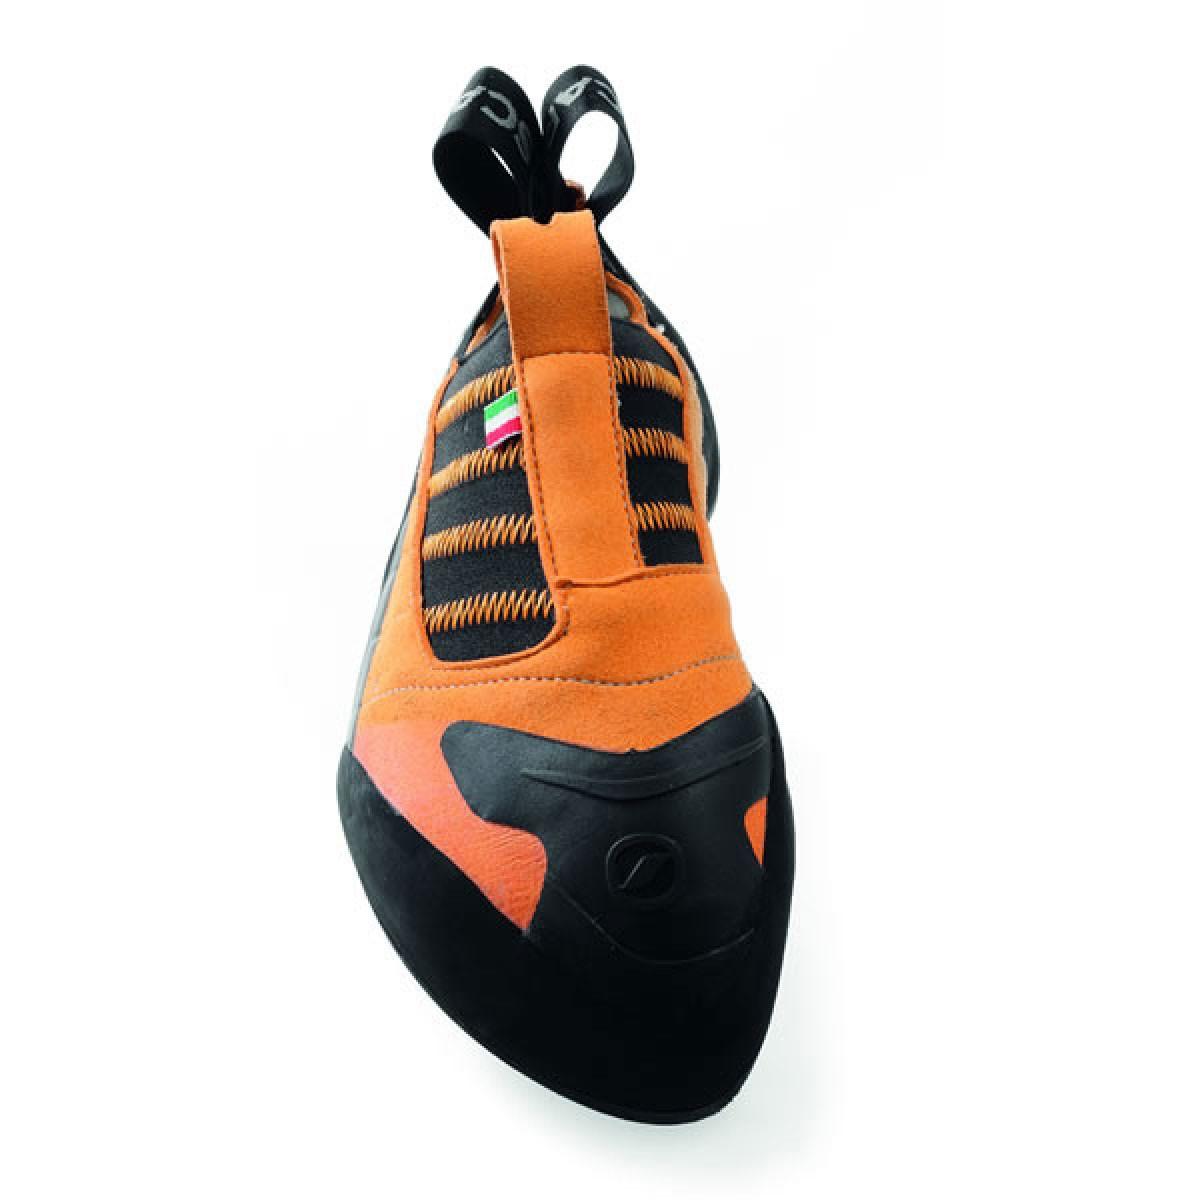 a20adc2123 Instinct S Climbing Shoe Instinct S Climbing Shoe
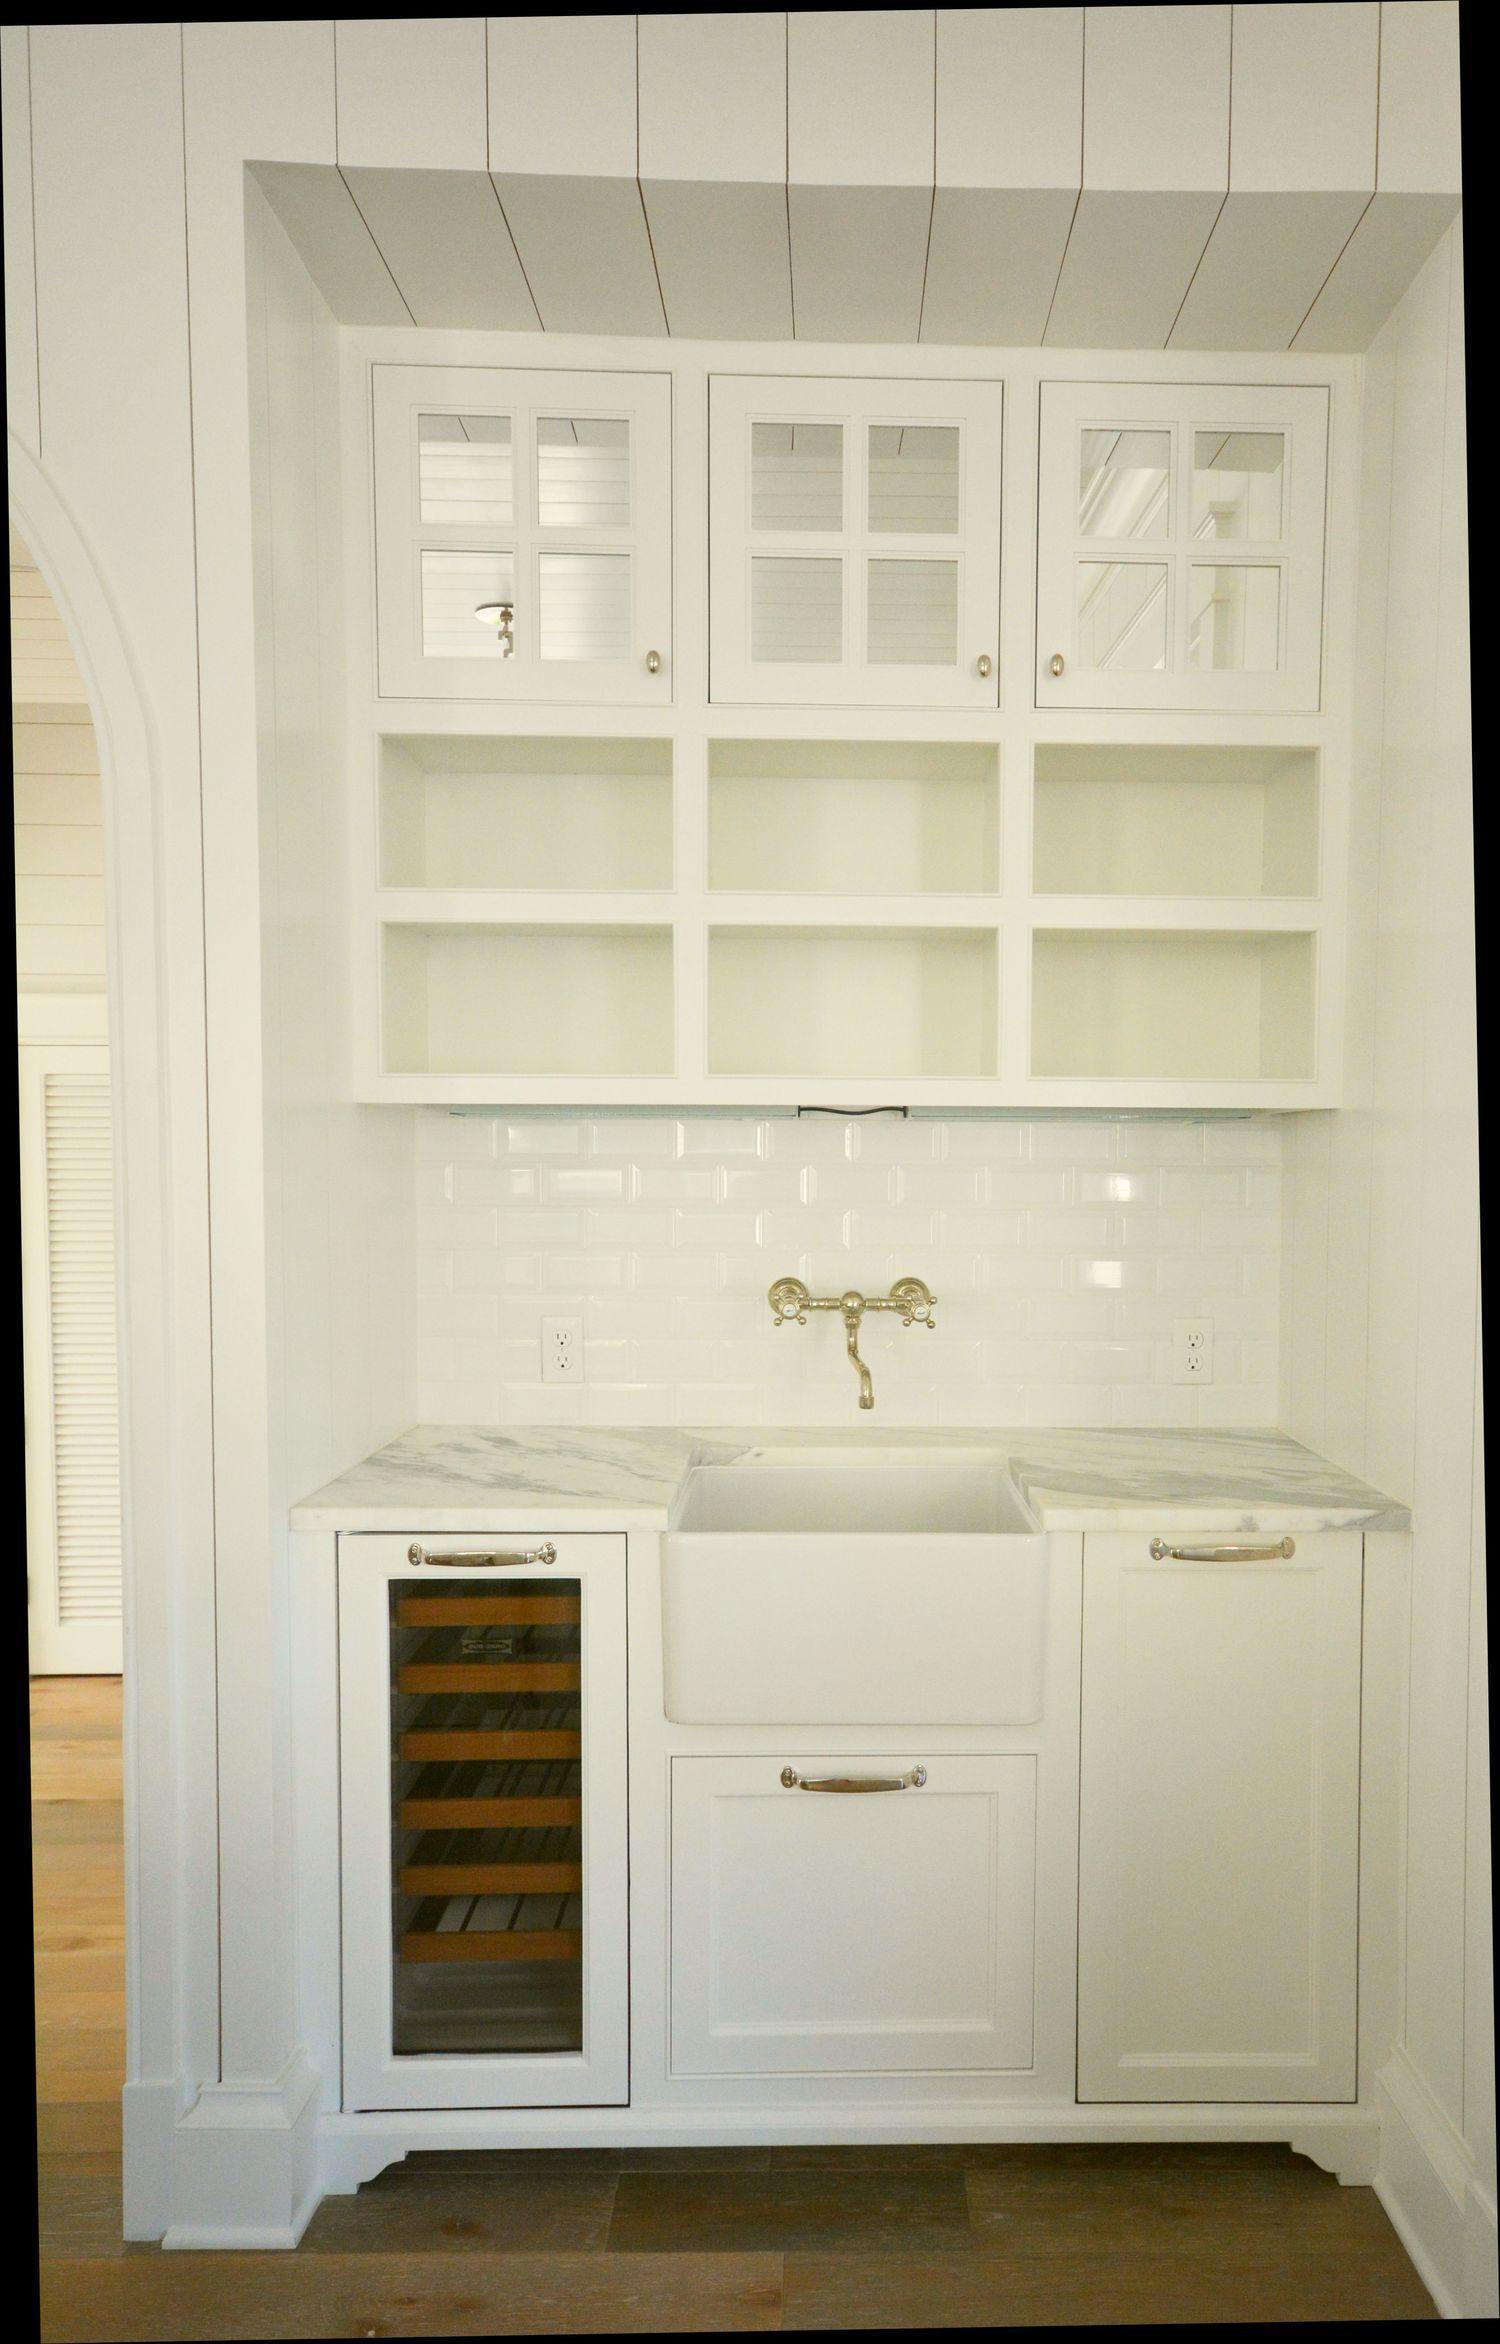 DSC_5822.jpg   Bathroom medicine cabinet, Kitchen cabinets ...
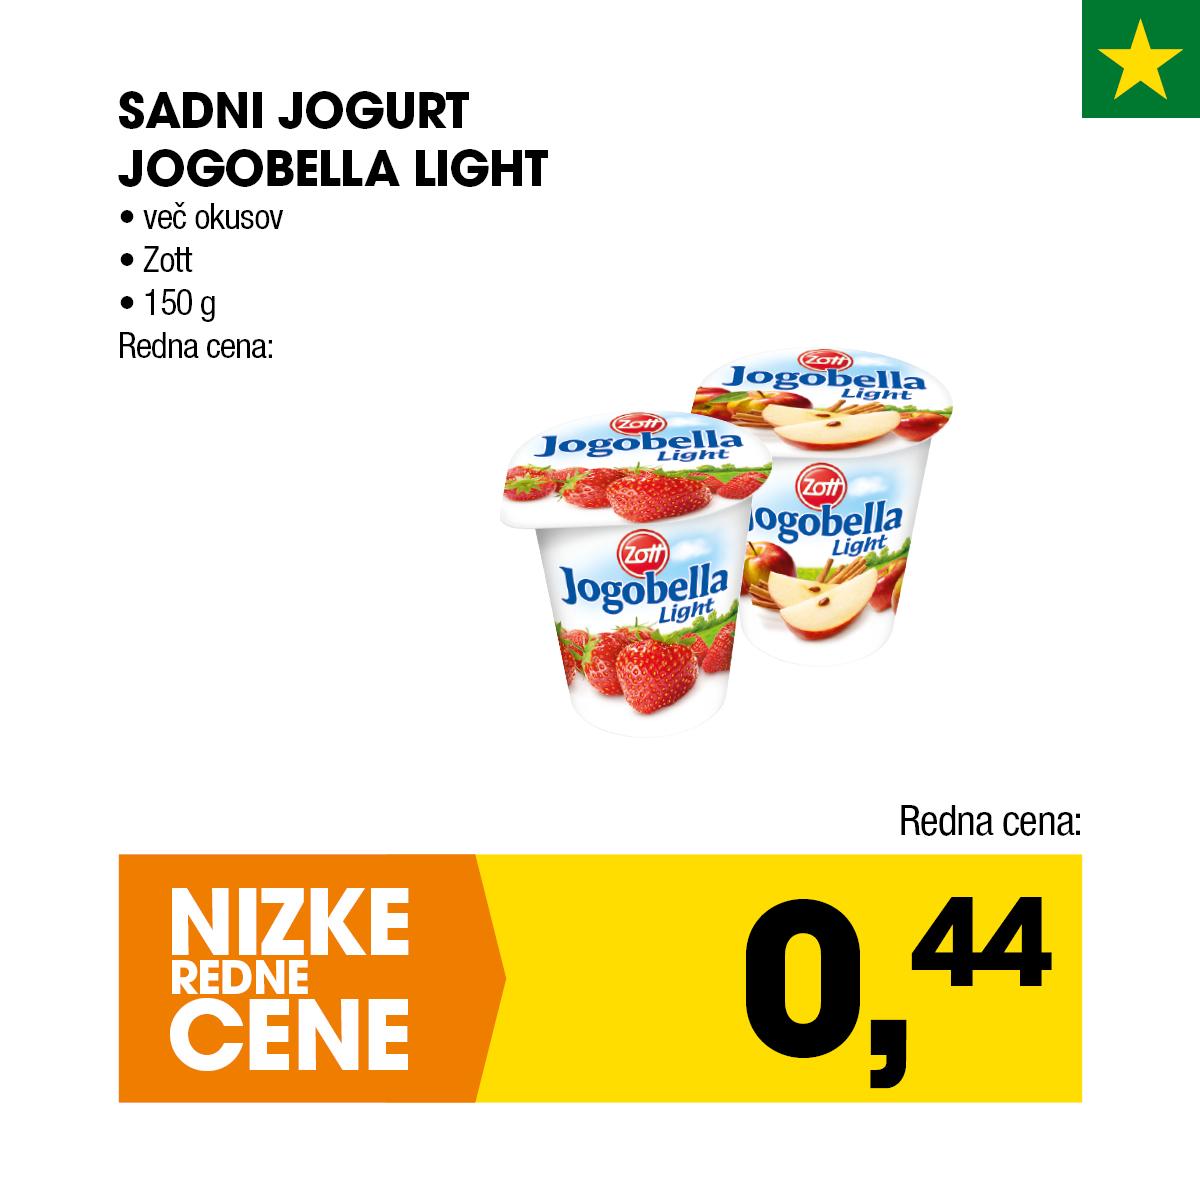 Nizke cene - Sadni jogurt Jogobella Light

★ ★ ★

The complete material, set down exactly and stripped of pictures, is the expected response.

 a20adc2123 Instinct S Climbing Shoe Instinct S Climbing Shoe
 DSC_5822.jpg   Bathroom medicine cabinet, Kitchen cabinets ...
 Nizke cene - Sadni jogurt Jogobella Light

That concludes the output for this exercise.